That gangs of the remnants of the defunct regime are waging a surprising military attack on the Syrian coast on the security forces and the army, as this is not surprising from a group that is still associated with ideology, psychologically and sectarianly to the Assad regime, and it has a direct interest in bringing down the new regime. And that there are demonstrations denouncing the policies of the new administration, ending with the landing of the Syrian flag, and raising the Druze flag in its place, it was not surprising, as some social groups have behaved since the beginning of the Syrian revolution in 2011, on the basis of my narrow identities. However, he was not limited to ausports, but also emerged between the majority, and here the security men and the new army of the Sunni community, who committed field executions in the streets of civilians is to be removed from civilians.
It is not important in terms of cognitive aspect of the question whether the minorities are still thinking and working on the basis of my identities, especially in the different historical moments, when the political meeting is threatened, or turbulent and unclear, but rather the question about the reasons for the behavior of the minorities is an identity course that becomes absurd and has no knowledge value, in the shadow of a society and a state that has established (decades) There is no citizen in it. The question is knowledge when it is posed as follows: What are the reasons that prompted Alawites in the northwest of Syria to start military operations, three months after the fall of the Assad regime, and the management of a new ruling is formed? … It is a question that also applies to Druze areas? Perhaps later on a Kurdish? … It is not sufficient to answer this question based on the variation of social identity: open sects and social freedom in exchange for a socially closed Islamic rule system that can impose its vision on everyone. The answer is not sufficient for identity and ideological dissonance also between the two parties. It is a normal act that the parties are practically expressed from seeing it, carried by political, social or sectarian loads.

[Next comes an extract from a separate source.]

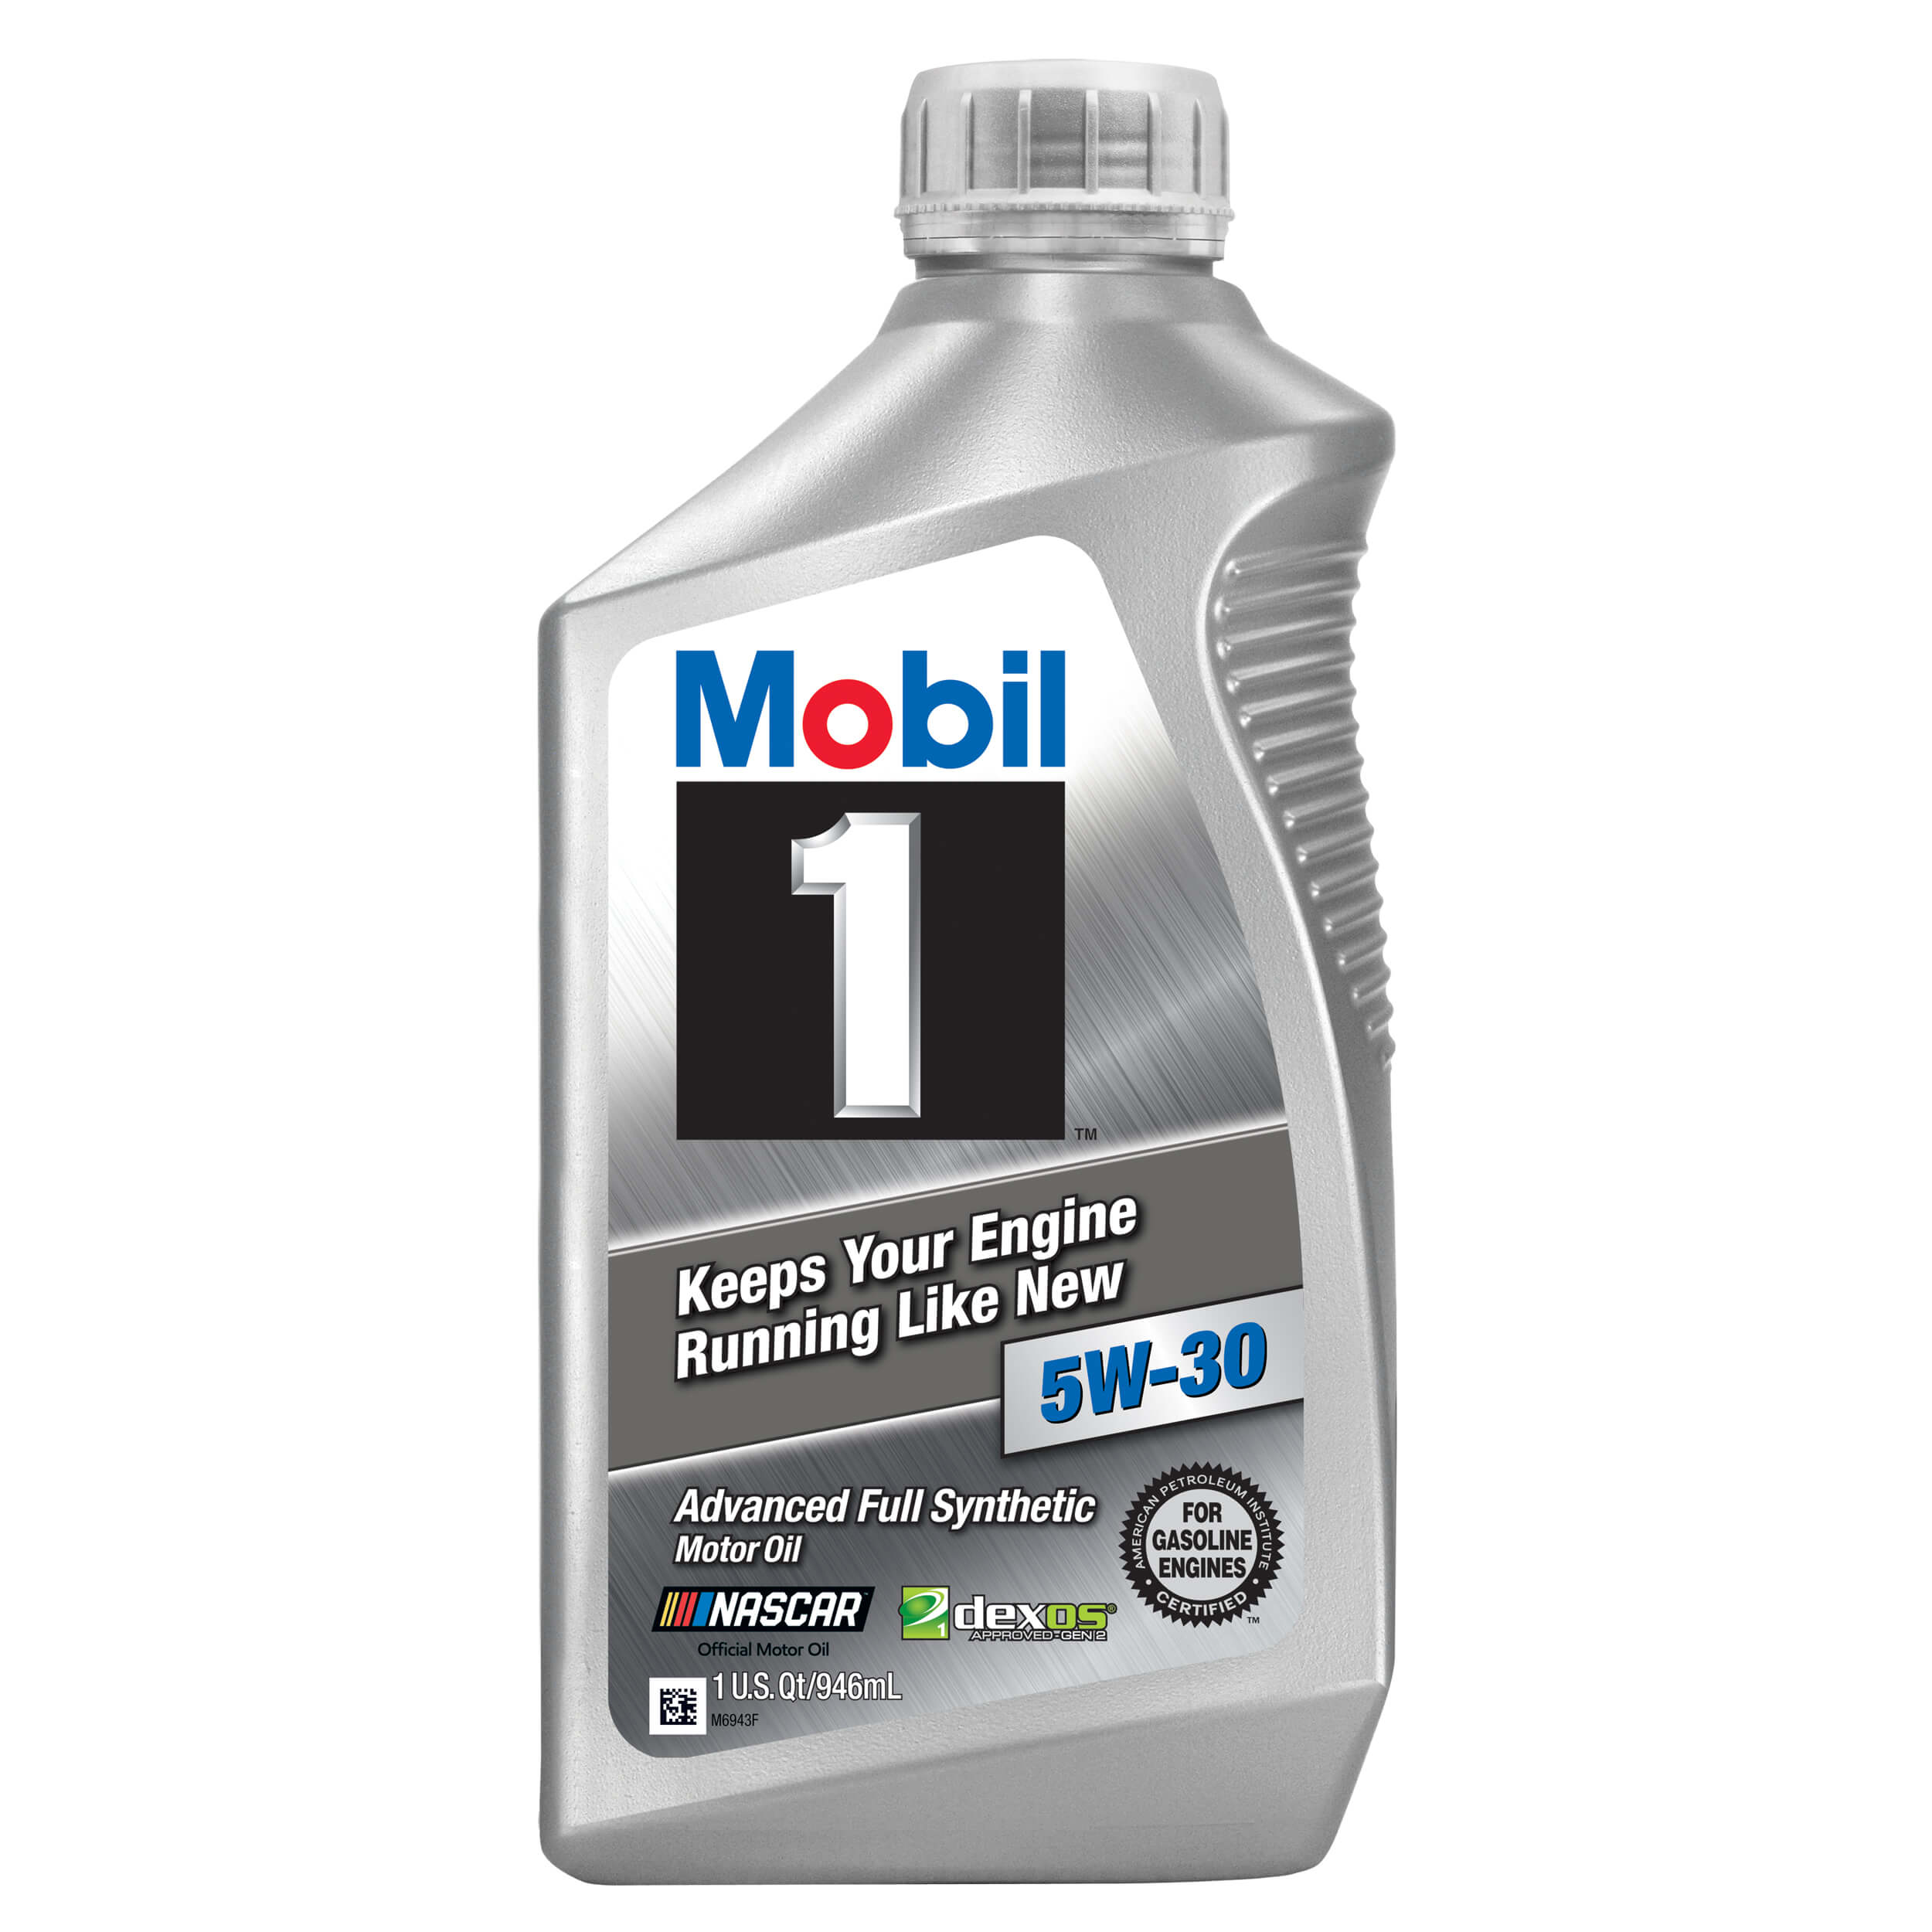 Mobil 1 5W-30 Full Synthetic Engine Oil

The important question: What prompted the remnants of the regime to move from the state of power to the state of action, and what prompted Druze to raise their own flag instead of the Syrian flag? … here is the essence of the issue, the self -tendencies governed by ideologies, psychological desires and sectarian feelings that always exist and do not disappear easily, but they are, even if it is a condition for movement and action, it is not a direct cause of that. On the one hand, the individual behaviors of the security and military elements in the new administration, on the one hand, and the absence of a political dialogue mechanism with the leaders of the Syrian social components, especially with the people of the Alawite sect, on the other hand, had a major role in continuing concerns among the minorities.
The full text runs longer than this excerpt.